The plan was to hook up to WRF 3 and run 3.5 miles of pipe from the airport to WEC. But once the city crunched the numbers, Whitehead said it was apparent that it could not do the deal for less than $3.14 pcf. At Tuesday’s Ocala City Council meeting, Rusella Bowes-Johnson, assistant director of the city Water Resources Department, said that accepting the $2.50 rate proposed by the county would mean raising water rates to the city’s existing customers to subsidize the project. Council members said that was unacceptable.

Whitehead said the $3.14 city price would only cover the city’s costs to take on WEC and there was no appetite among the city staff or, ultimately, council members to increase the rates of city residents to help pay for the WEC tie-in. Yet, he expressed disappointment in the final result.

“It was a great effort,” he said. “I’m disappointed we couldn’t get there.”

At the county meeting Tuesday, county Utilities Director Jody Kirkman said the county could expand its existing wastewater treatment plant at Golden Ocala, adjacent to WEC, for $18.7 million. To pay for it, he said the county could apply to the State Revolving Fund for an $18.4 million no-interest loan that could be paid back over 20 years.

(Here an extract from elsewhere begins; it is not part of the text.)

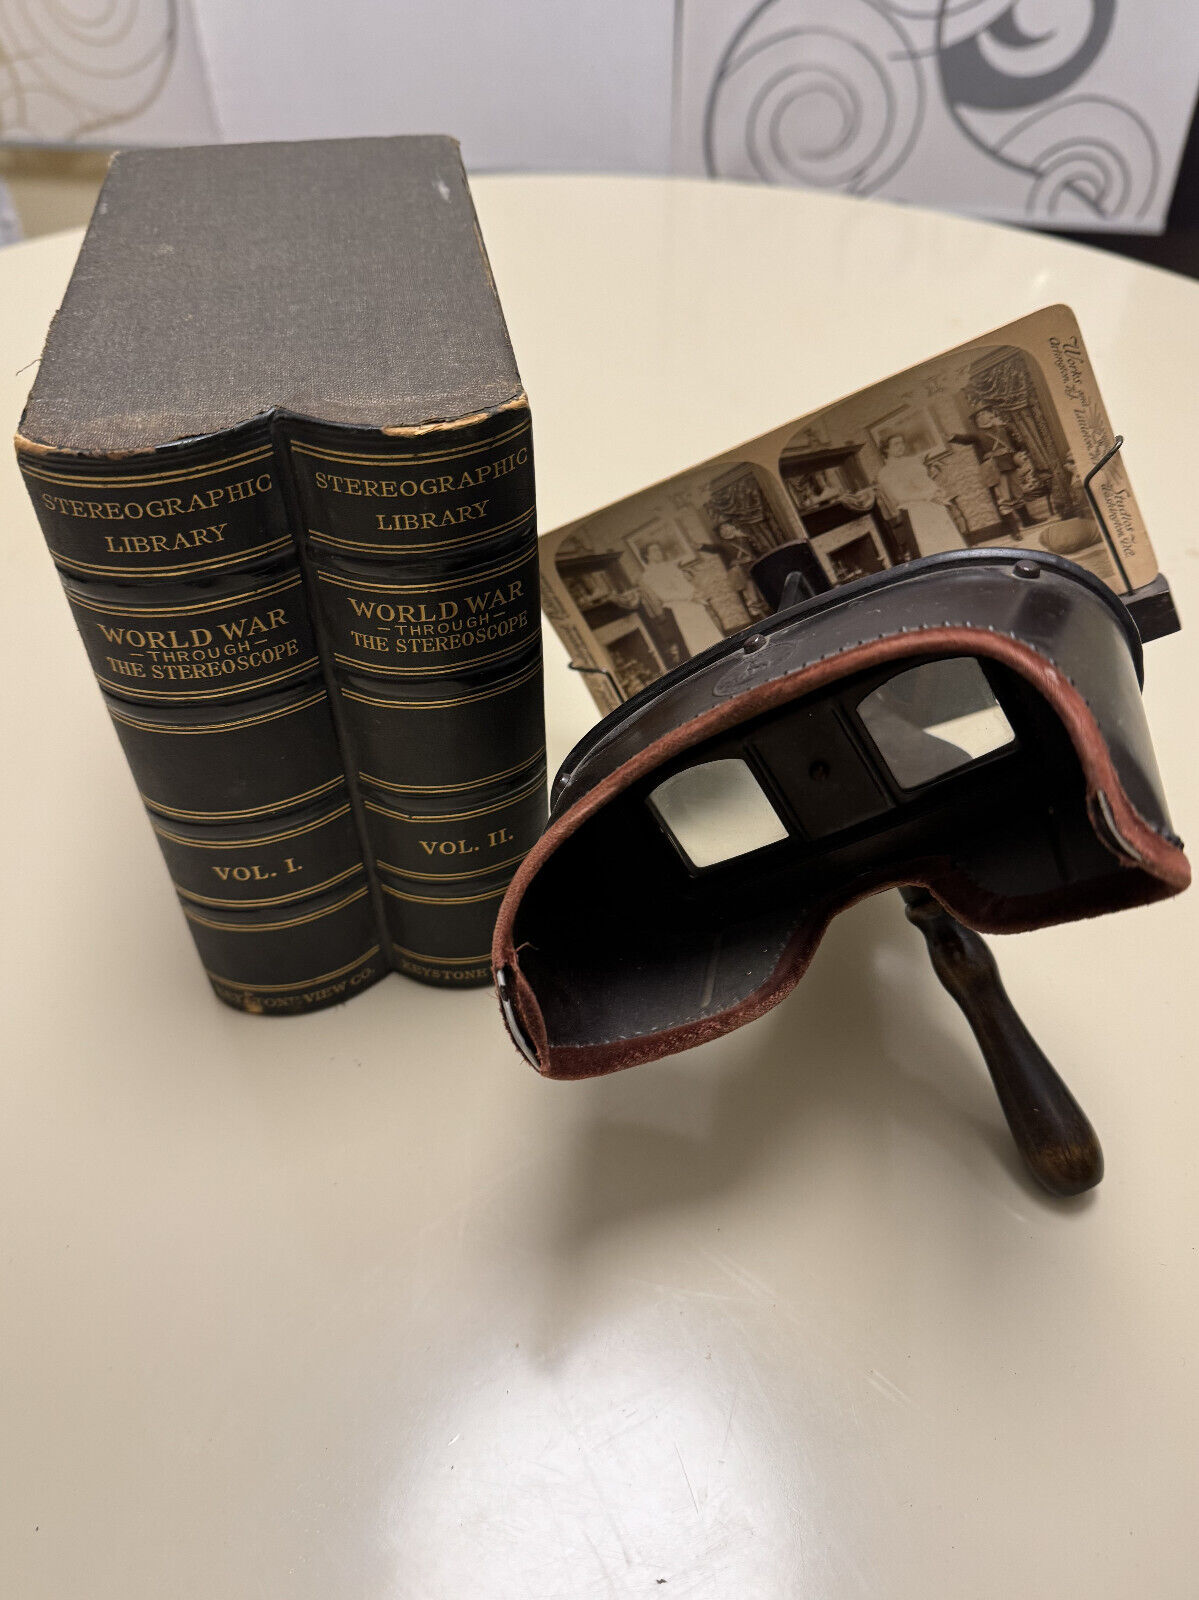 1920's Keystone View Co World War Through the Stereoscope Library *ANTIQUE*

While the expansion of the Golden Ocala plant will serve the immediate needs of the development, David Tillman, WEC’s engineer on the project, said it would have to be expanded again in about five years. Nonetheless, Kirkman said he believed walking away from the city and undertaking an expansion of the county’s existing plant was the best deal for the county.

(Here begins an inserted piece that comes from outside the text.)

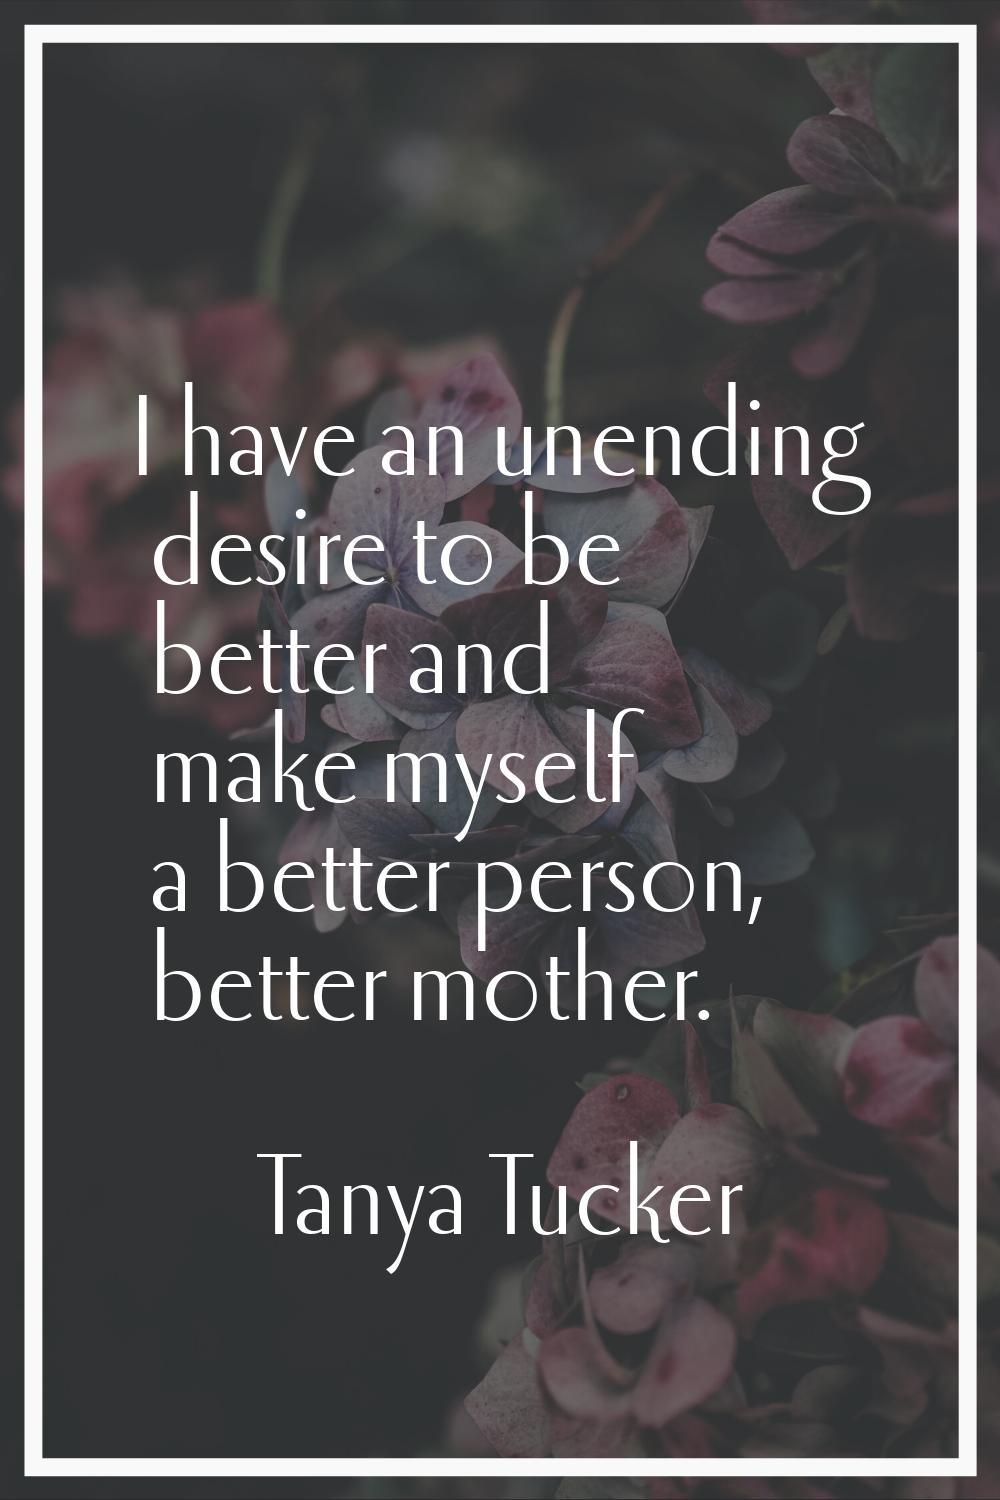 I have an unending desire to be better and make myself a better person, better mother.

Tillman said the joint project would have been “beneficial to the city and the county.”

This is not the first time there has been failed city-county negotiations over WRF 3. Back at the beginning of the century when the city was getting ready to build WRF 3, it invited the county to partner with it, as growth planners were saying U.S. 27 would be the Marion County’s next big growth corridor. The county turned down the offer. About halfway through the project, the city once again offered the county a partnership in the city third and newest water treatment facility. Again, the county refused the offer, and the city proceeded to build WRF 3 itself.